Material for this exercise
___

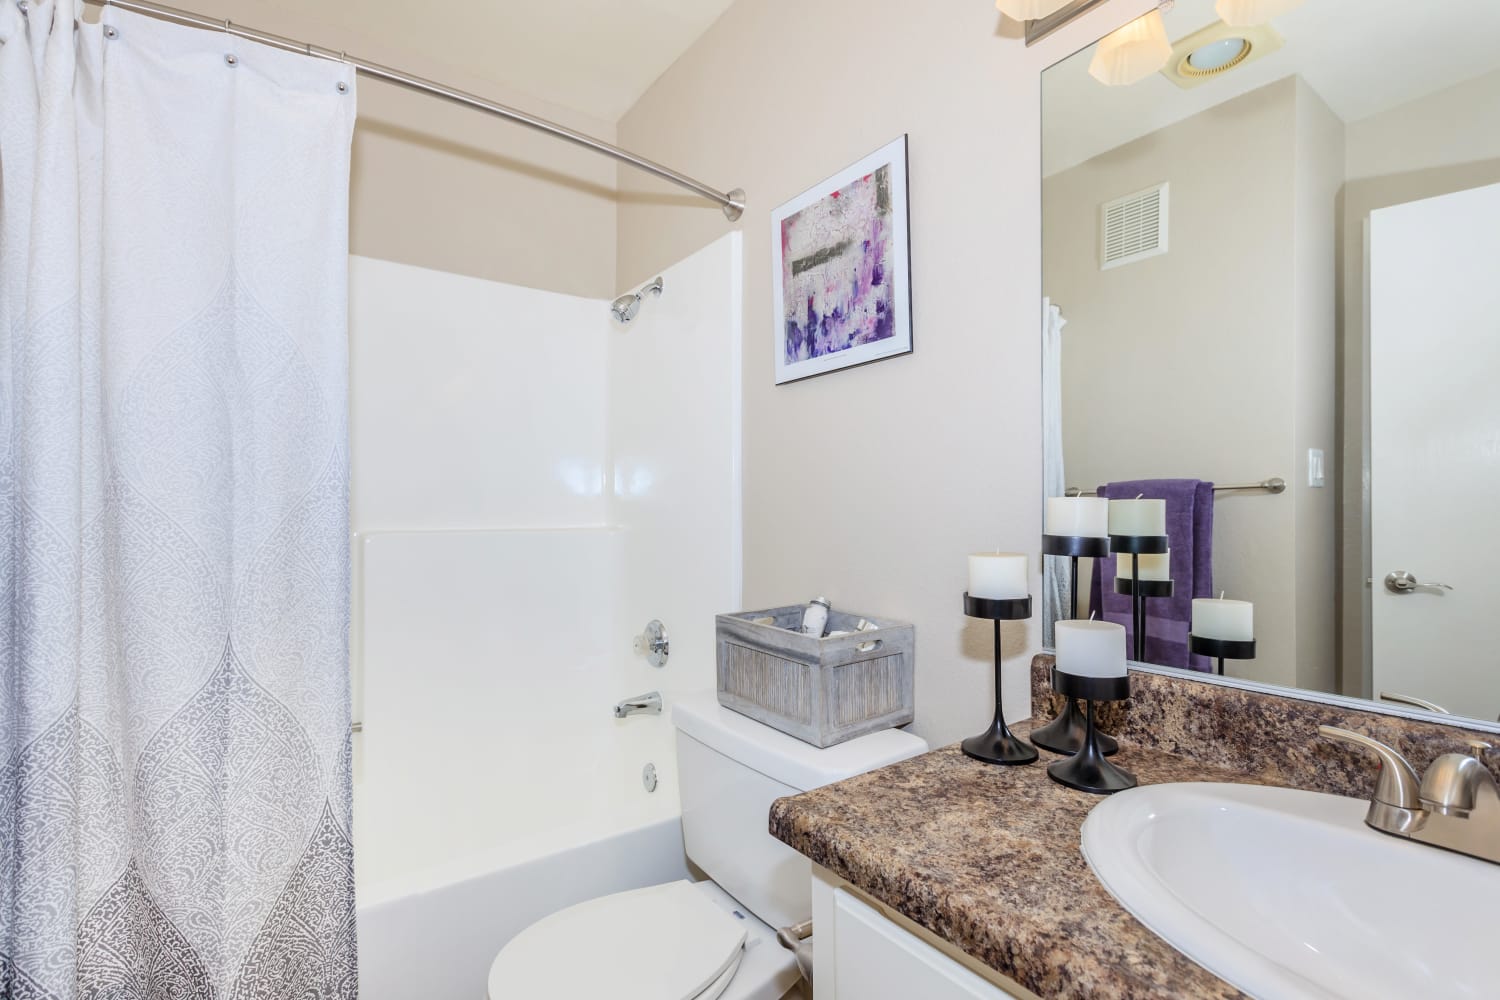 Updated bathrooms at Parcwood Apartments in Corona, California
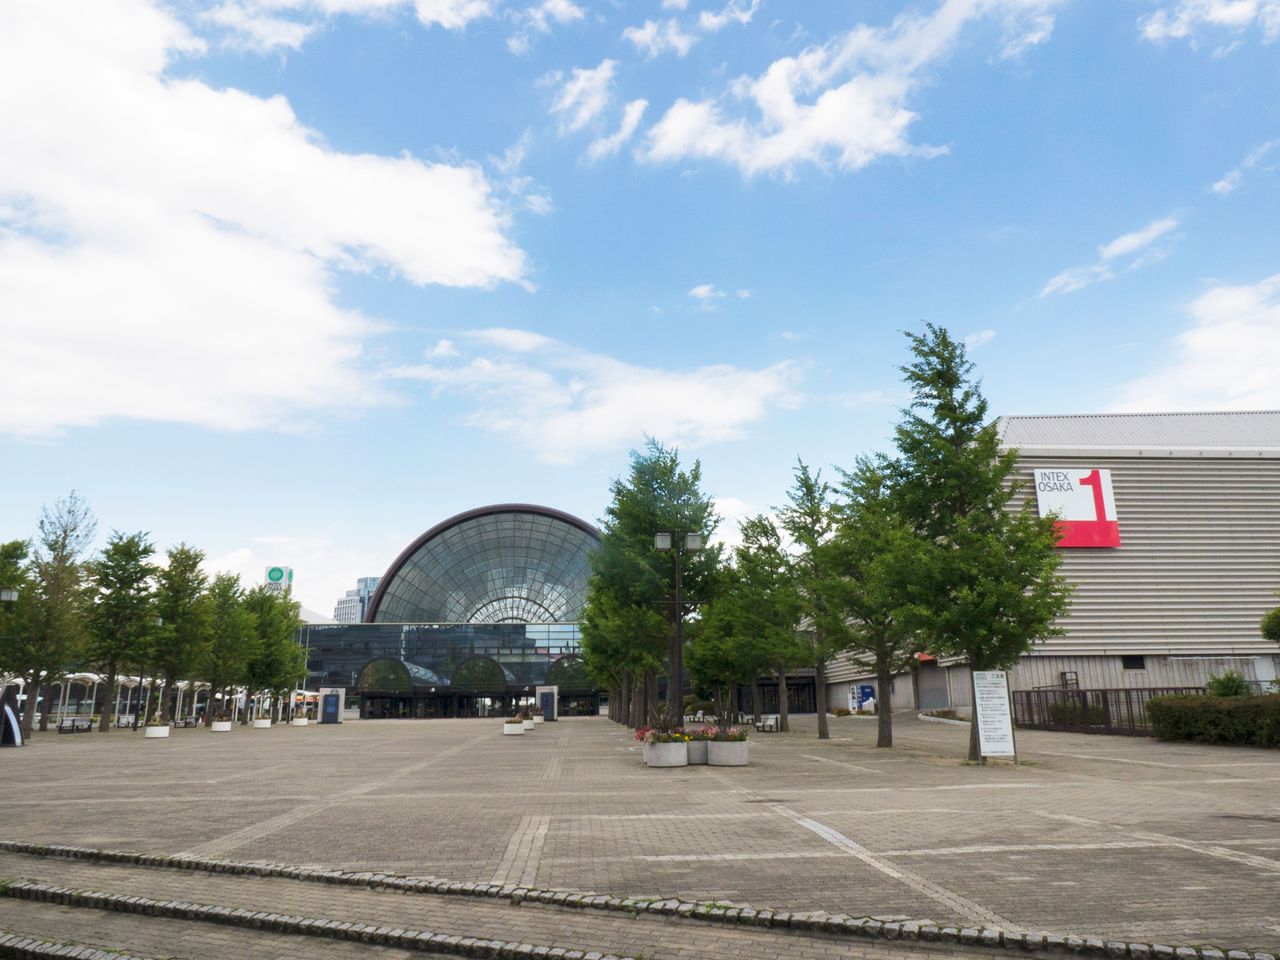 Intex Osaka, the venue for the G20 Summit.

___

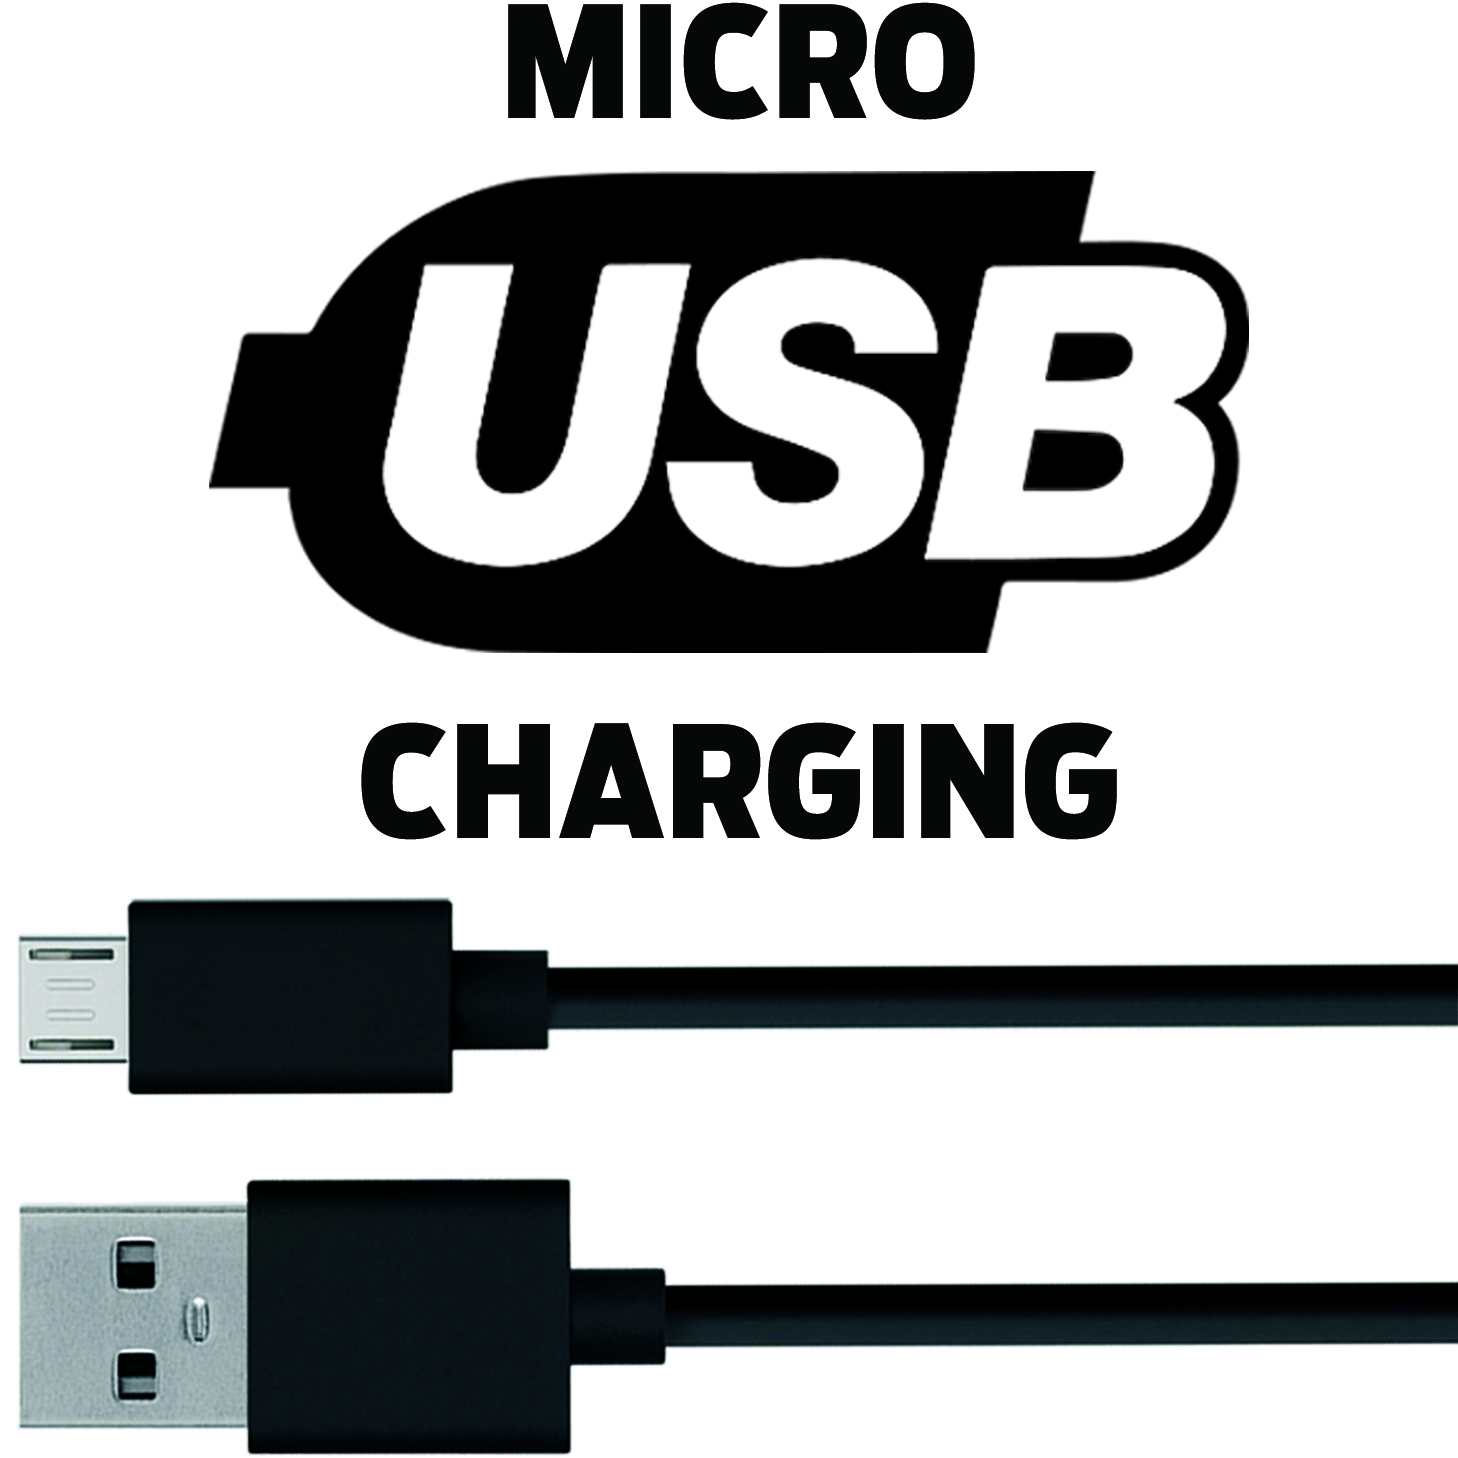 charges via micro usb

___

Give back exactly the lines of the listing above from the one that contains "Updated bathrooms at" up to and including the one that contains "Intex Osaka, the venue for the G20 Summit.", but not the pictures, and no other lines.

 Updated bathrooms at Parcwood Apartments in Corona, California
 Intex Osaka, the venue for the G20 Summit.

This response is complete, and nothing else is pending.